Issa Mohamed
Computer and Systems Department, Faculty of Engineering, Zagazig University, Zagazig, Egypt.
Faculty of Computers and Informatics, Nahda University, Beni Suef, Egypt.
Appl Soft Comput. 2021 Jun;104:107197. doi: 10.1016/j.asoc.2021.107197. Epub 2021 Feb 20.
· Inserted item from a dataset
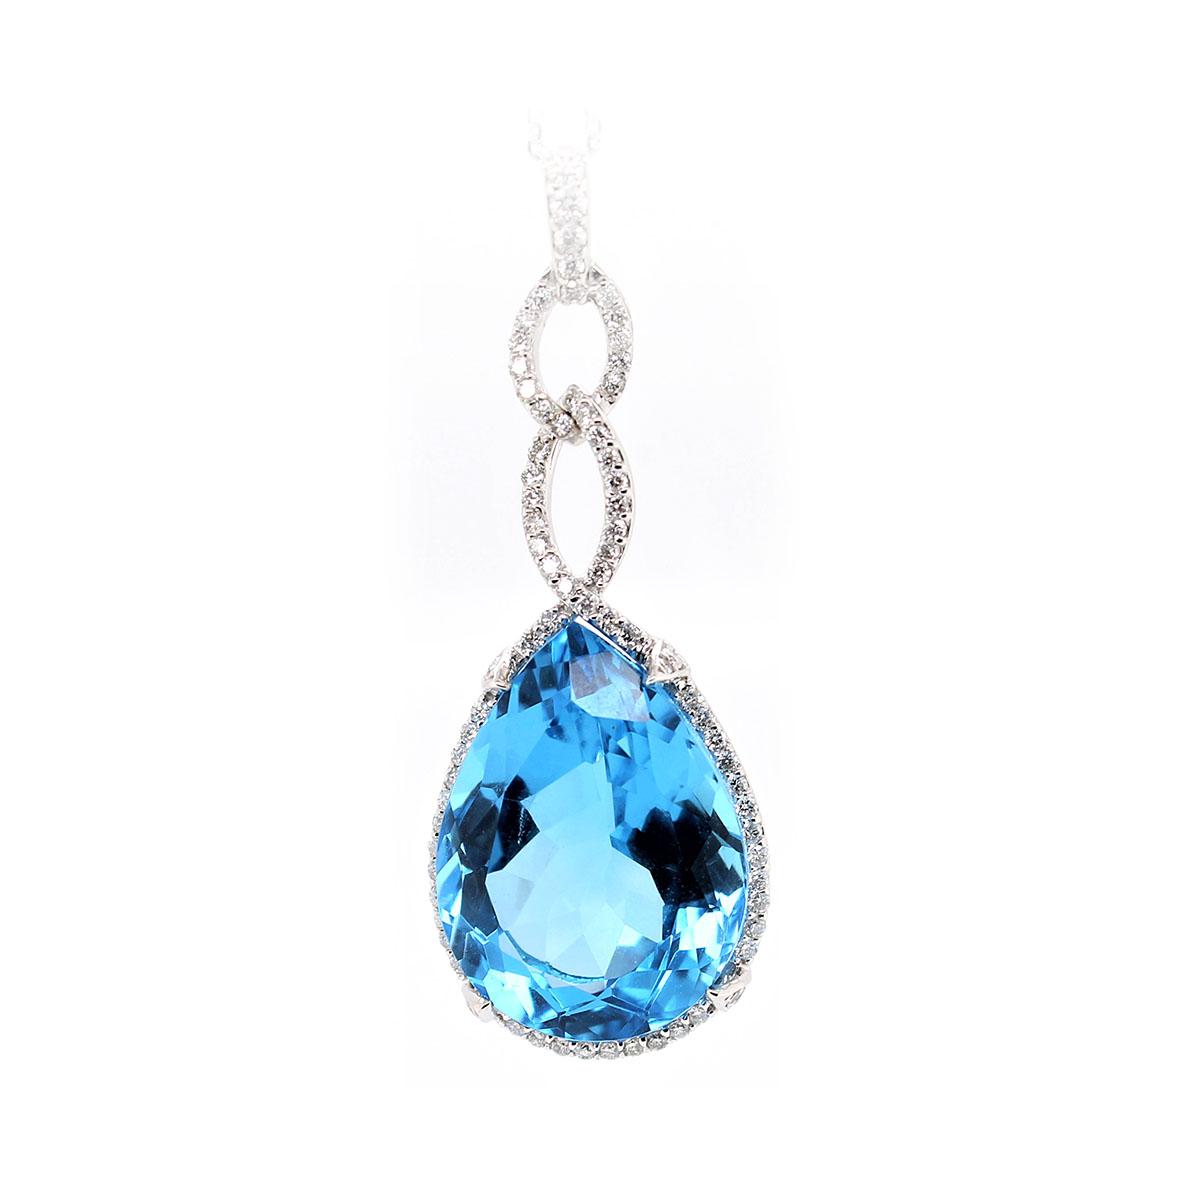 14 Karat White Gold Pear Shaped Blue Topaz and Diamond Necklace
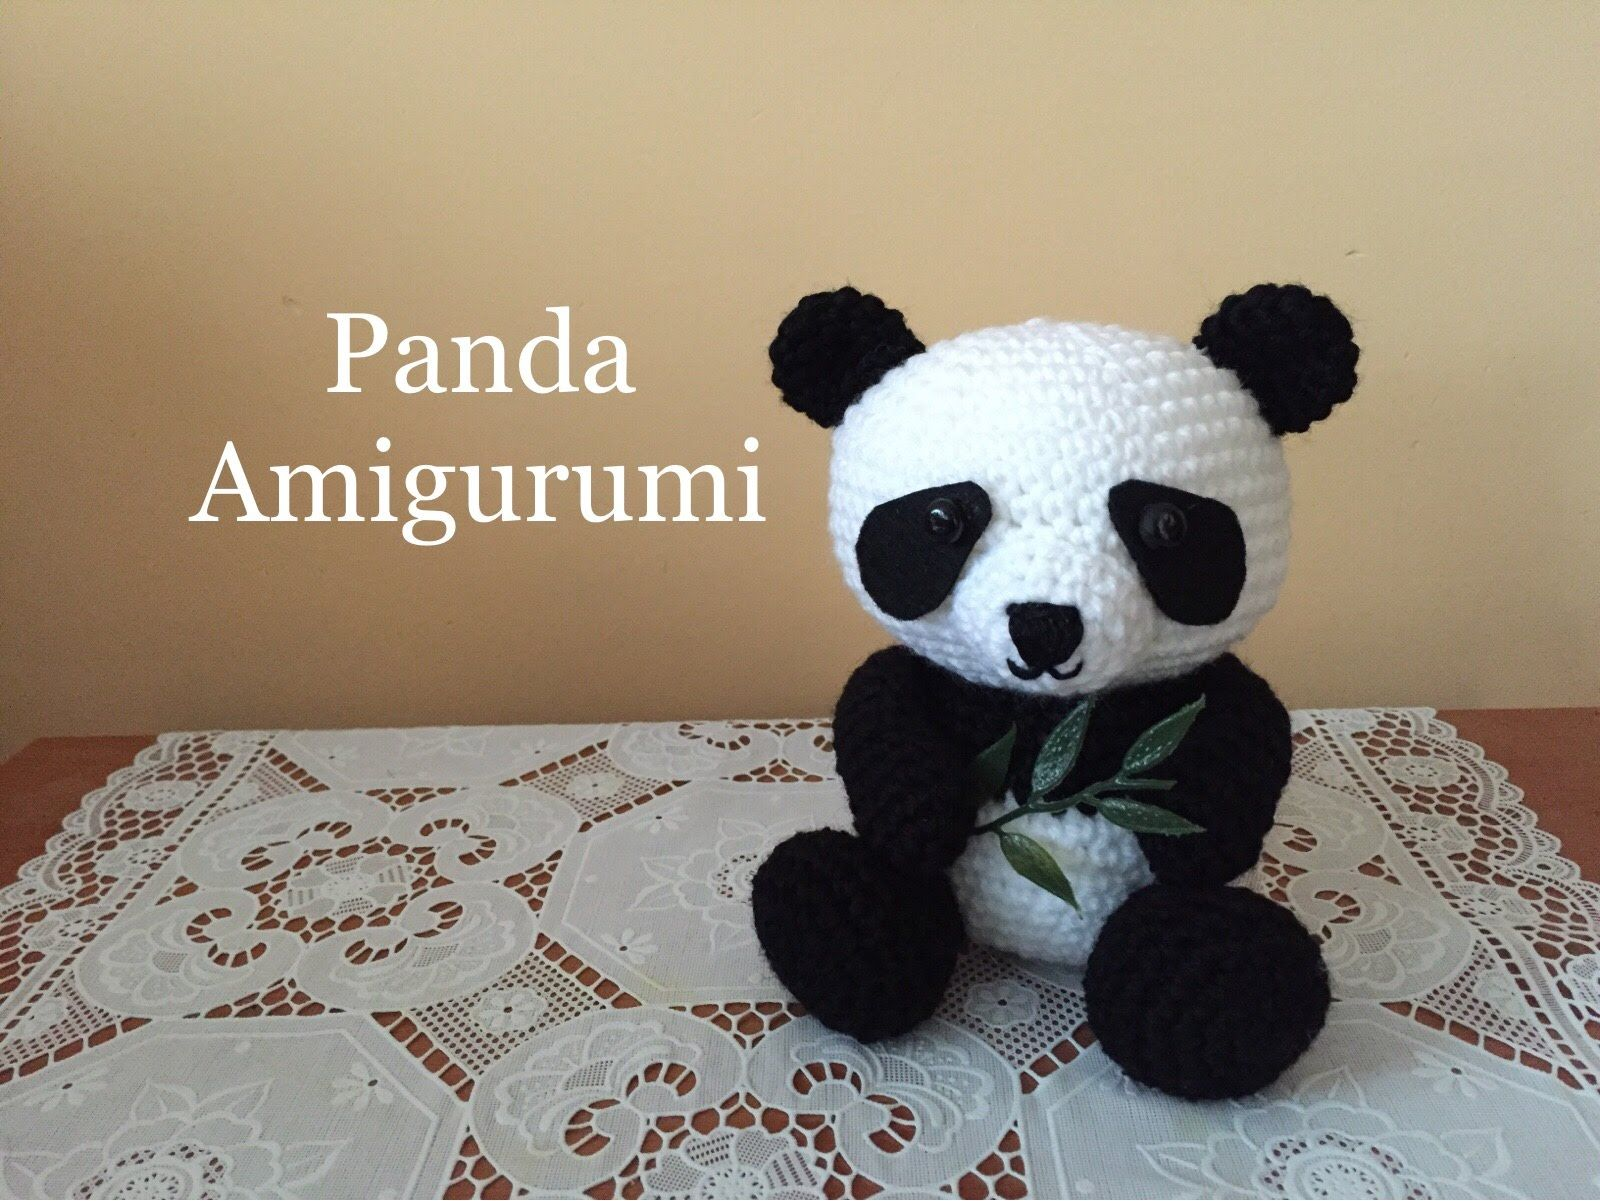 Panda Amigurumi (tutorial) | amigurimi | Pinterest | Häkeltiere ...

COVID-19 is a global pandemic that aroused the interest of scientists to prevent it and design a drug for it. Nowadays, presenting intelligent biological data analysis tools at a low cost is important to analyze the biological structure of COVID-19. The global alignment algorithm is one of the important bioinformatics tools that measure the most accurate similarity between a pair of biological sequences. The huge time consumption of the standard global alignment algorithm is its main limitation especially for sequences with huge lengths. This work proposed a fast global alignment tool (G-Aligner) based on meta-heuristic algorithms that estimate similarity measurements near the exact ones at a reasonable time with low cost. The huge length of sequences leads G-Aligner based on standard Sine-Cosine optimization algorithm (SCA) to trap in local minima. Therefore, an improved version of SCA was presented in this work that is based on integration with PSO. Besides, mutation and opposition operators are applied to enhance the exploration capability and avoiding trapping in local minima. The performance of the improved SCA algorithm (SP-MO) was evaluated on a set of IEEE CEC functions. Besides, G-Aligner based on the SP-MO algorithm was tested to measure the similarity of real biological sequence. It was used also to measure the similarity of the COVID-19 virus with the other 13 viruses to validate its performance. The tests concluded that the SP-MO algorithm has superiority over the relevant studies in the literature and produce the highest average similarity measurements 75% of the exact one.
新冠病毒肺炎(COVID - 19)是一场全球大流行疾病,引发了科学家们预防它并研发相关药物的兴趣。如今,以低成本提供智能生物数据分析工具对于分析COVID - 19的生物结构至关重要。全局比对算法是重要的生物信息学工具之一,用于测量一对生物序列之间最精确的相似度。标准全局比对算法巨大的时间消耗是其主要限制,尤其是对于长度巨大的序列。这项工作提出了一种基于元启发式算法的快速全局比对工具(G - Aligner),该工具能在合理时间内以低成本估计接近精确值的相似度测量值。序列的巨大长度导致基于标准正弦 - 余弦优化算法(SCA)的G - Aligner陷入局部最小值。因此,本文提出了一种基于与粒子群优化算法(PSO)集成的SCA改进版本。此外,应用了变异和反向算子来增强探索能力并避免陷入局部最小值。在一组IEEE CEC函数上评估了改进的SCA算法(SP - MO)的性能。此外,测试了基于SP - MO算法的G - Aligner来测量真实生物序列的相似度。它还被用于测量COVID - 19病毒与其他13种病毒的相似度以验证其性能。测试得出结论,SP - MO算法优于文献中的相关研究,并且产生的平均相似度测量值最高可达精确值的75%。